Evaporites of North Border of North Caspian Depression
Internet Geology News Letter No. 178, January 13, 2003

In Early Permian time the North Caspian depression became separated from the open ocean to form an enormous salt lake. Under an arid climate not less than 5 km of salt collected during a time span of 3.6 million years. The most subsided part of this depression was associated with a rift graben and was finally compensated by evaporites. See News Letter No. 38.

The Lower Permian evaporites of the north border of the North Caspian depression are divided from the bottom upward into three lithologic units: carbonate-sulfate, salt, and sulfate- clastic. The age of the lower is Artinskian-early Kungurian, and the upper two are Kungurian. Six rhythm members are recognized in the carbonate-sulfate unit, each beginning with dolomite and ending with anhydrite. Nine rhythm members are present in the salt, each beginning with dolomite-anhydrite or anhydrite and ending with halite or potassium-magnesium salts. Five stratigraphic salt members are recognized from the bottom upward as follows: Volgograd, Balykley, Lugov, Pogozh, and Antipov. These are separated from one another by anhydrite-dolomite or anhydrite marker beds.

On approaching the border step of the North Caspian depression from the north the thickness of the salt unit increases abruptly due to the appearance in the section of the Volgograd member. This Volgograd salt was deposited as a large lens in a paleo-depression that extended along the northern part of the North Caspian sedimentary basin.

The Volgograd and Lugov salt units are largely halite, and processes of plastic redistribution of this salt are widespread. This salt tectonoic activity is one of the factors causing the structural discordance between the sub-salt, intra-salt, and supra-salt horizons in the study area.

These last three paragraphs are taken from Nikitin, Pisarenko, and Alekseyev, 1986; digested in Petroleum Geology, Vol. 23, No. 9/10, three maps and three cross sections.

The Kama-Kinel system of downwarps are narrow, elongate troughs that extend along the eastern margin of the East European craton.
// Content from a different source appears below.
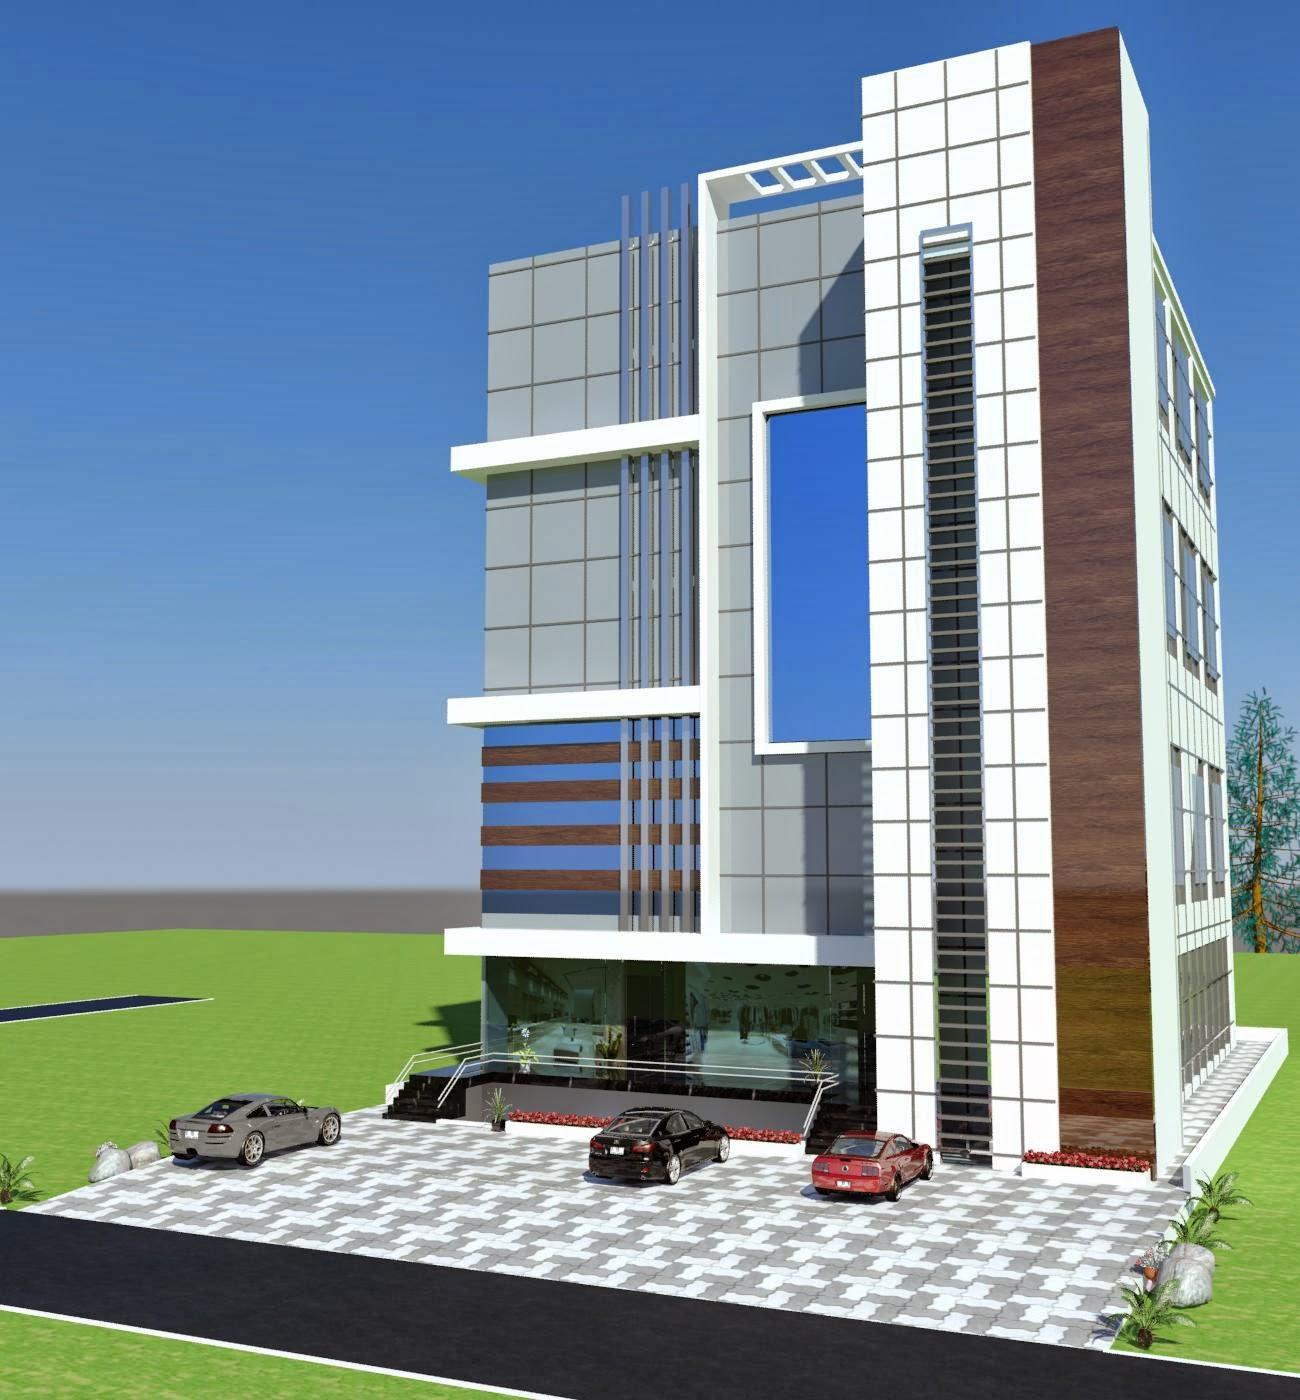 3d Building Elevation 3d Front Elevation: 3D Front Elevation.com: Commercial Plaza Plan 3d Front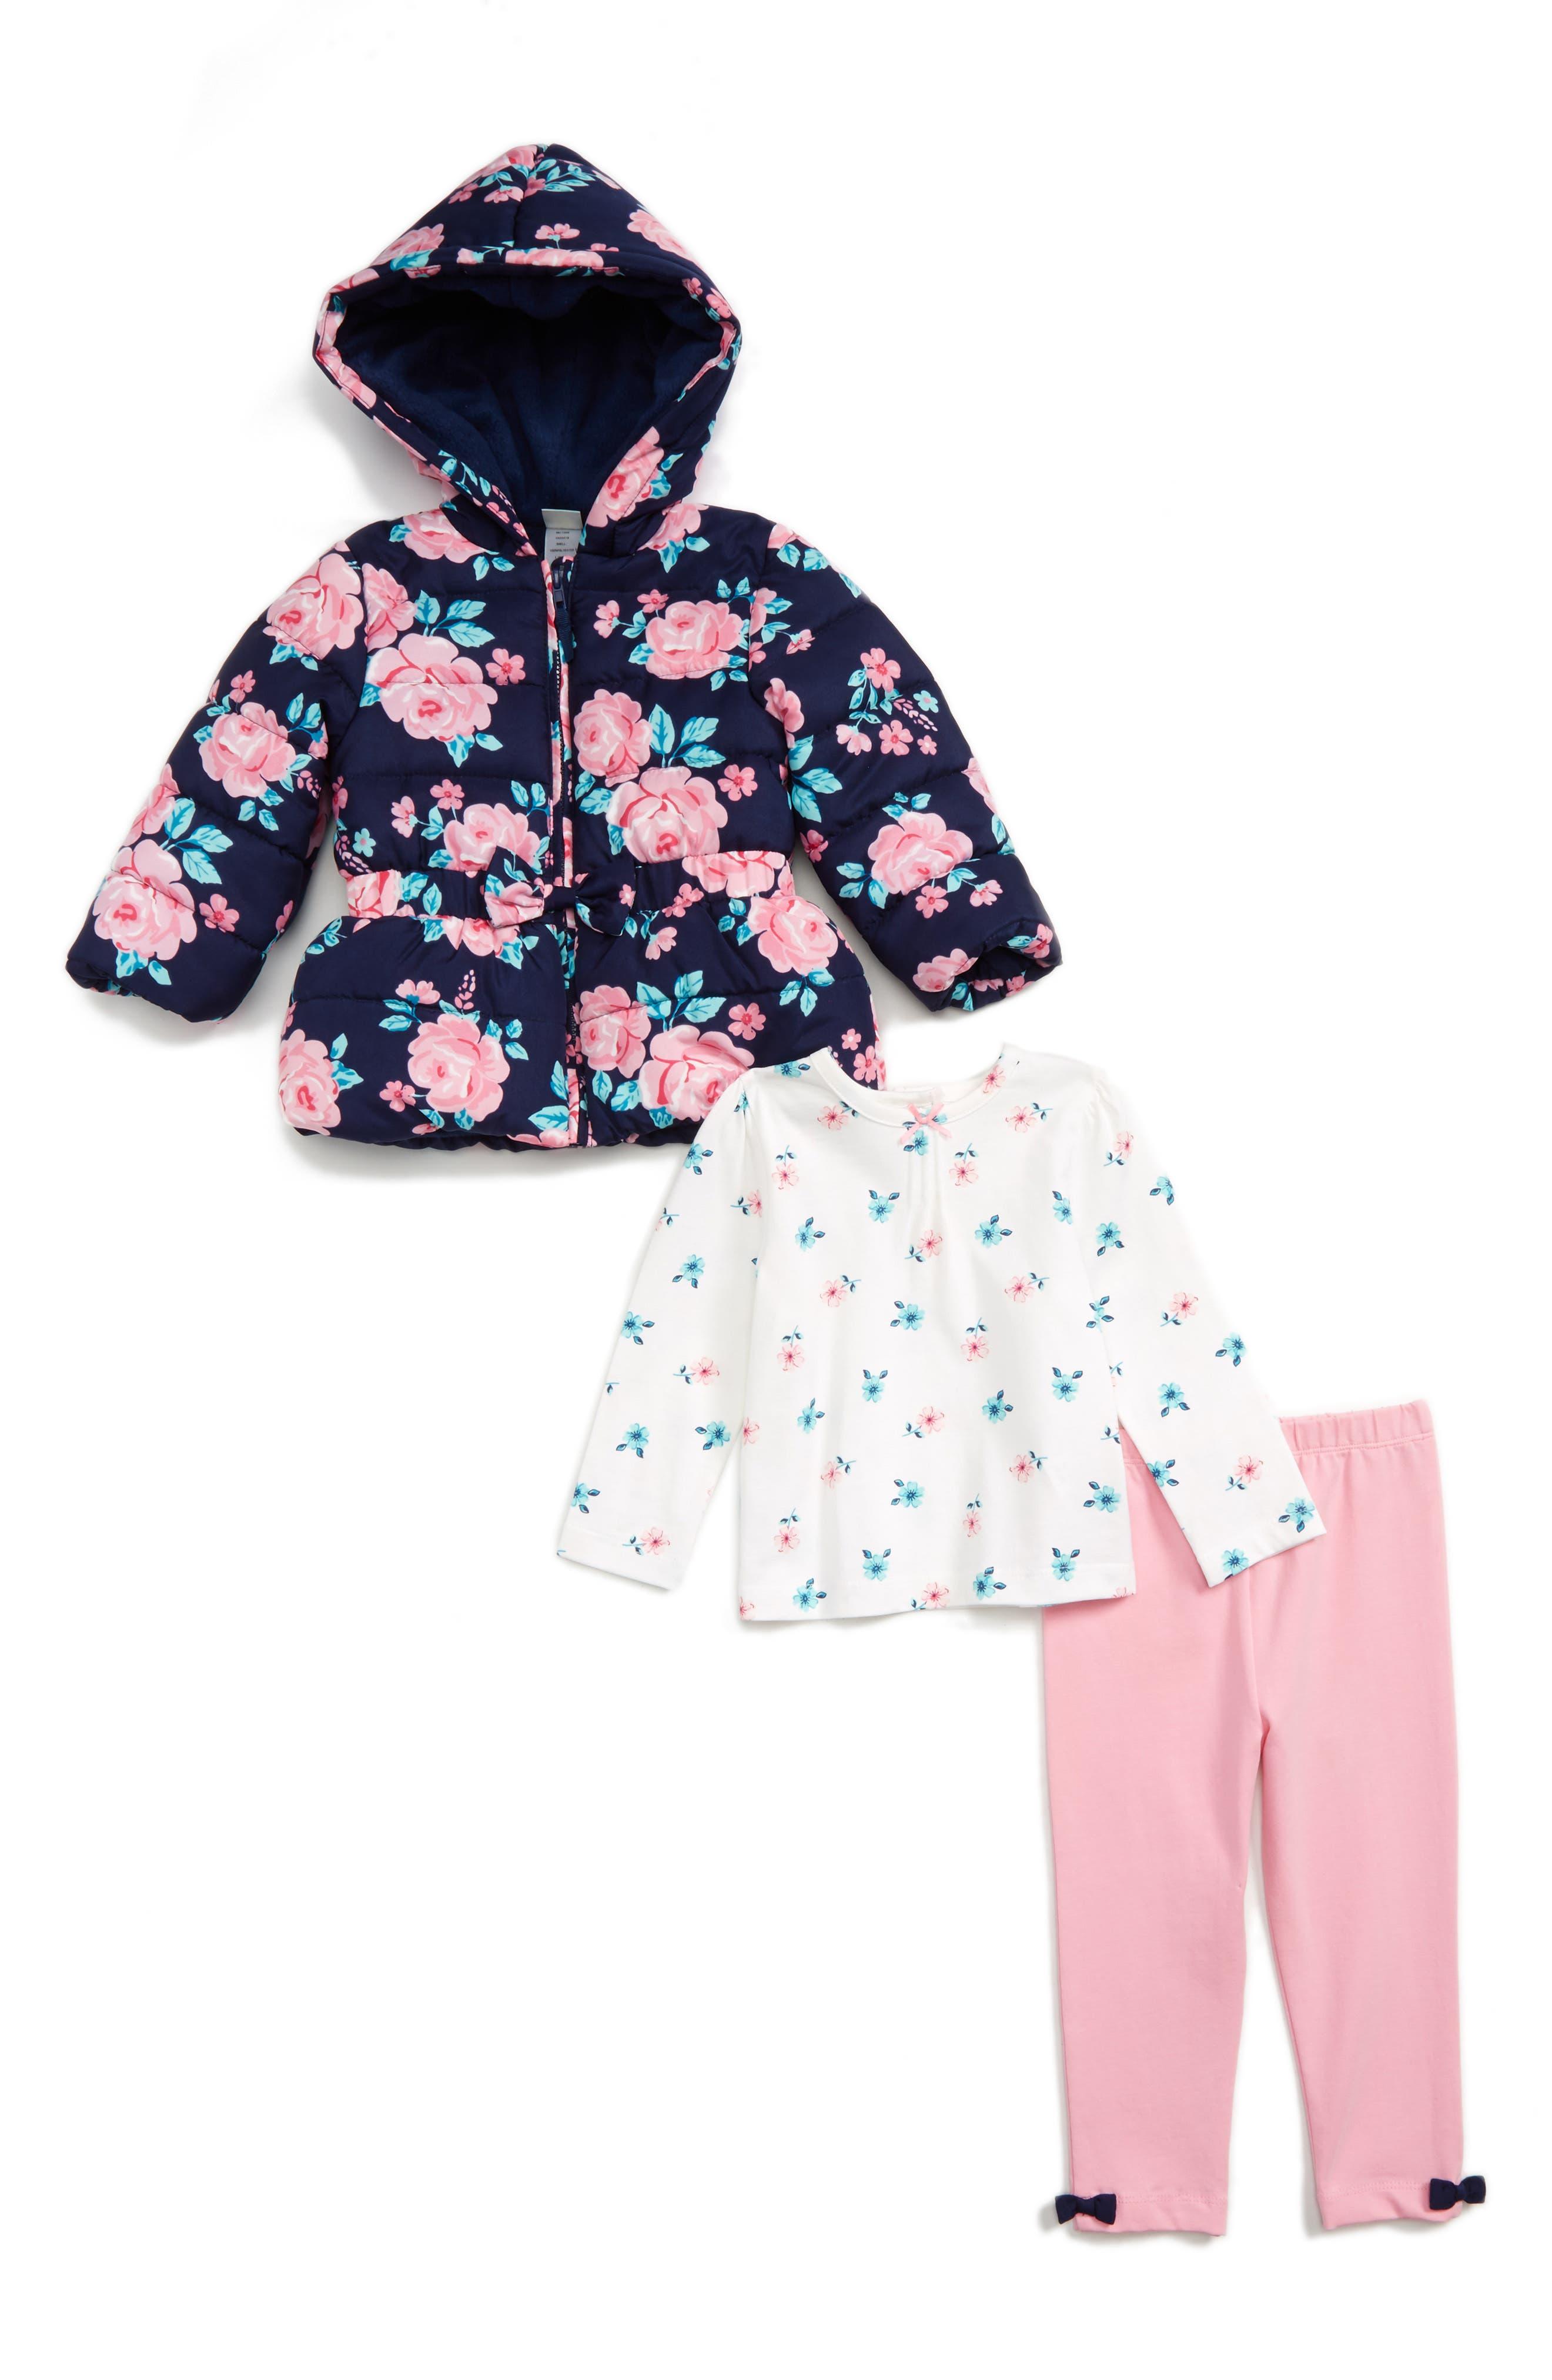 LITTLE ME Hooded Jacket, Tee & Leggings Set

This system is some 1000 km long, and individual downwarps are 20-90 km wide. On the north it extends into the Timan-Pechora oil-gas province. On the south it extends to the North Caspian depression, which I think is a continuation of the system. I would even like to designate this entire feature as the Kama-Kinel-Caspian system of downwarps. See News Letter No. 11. Some other News Letters dealing with the Caspian region are Numbers 75, 83, 99, 107, 123, 124, 144, and 145.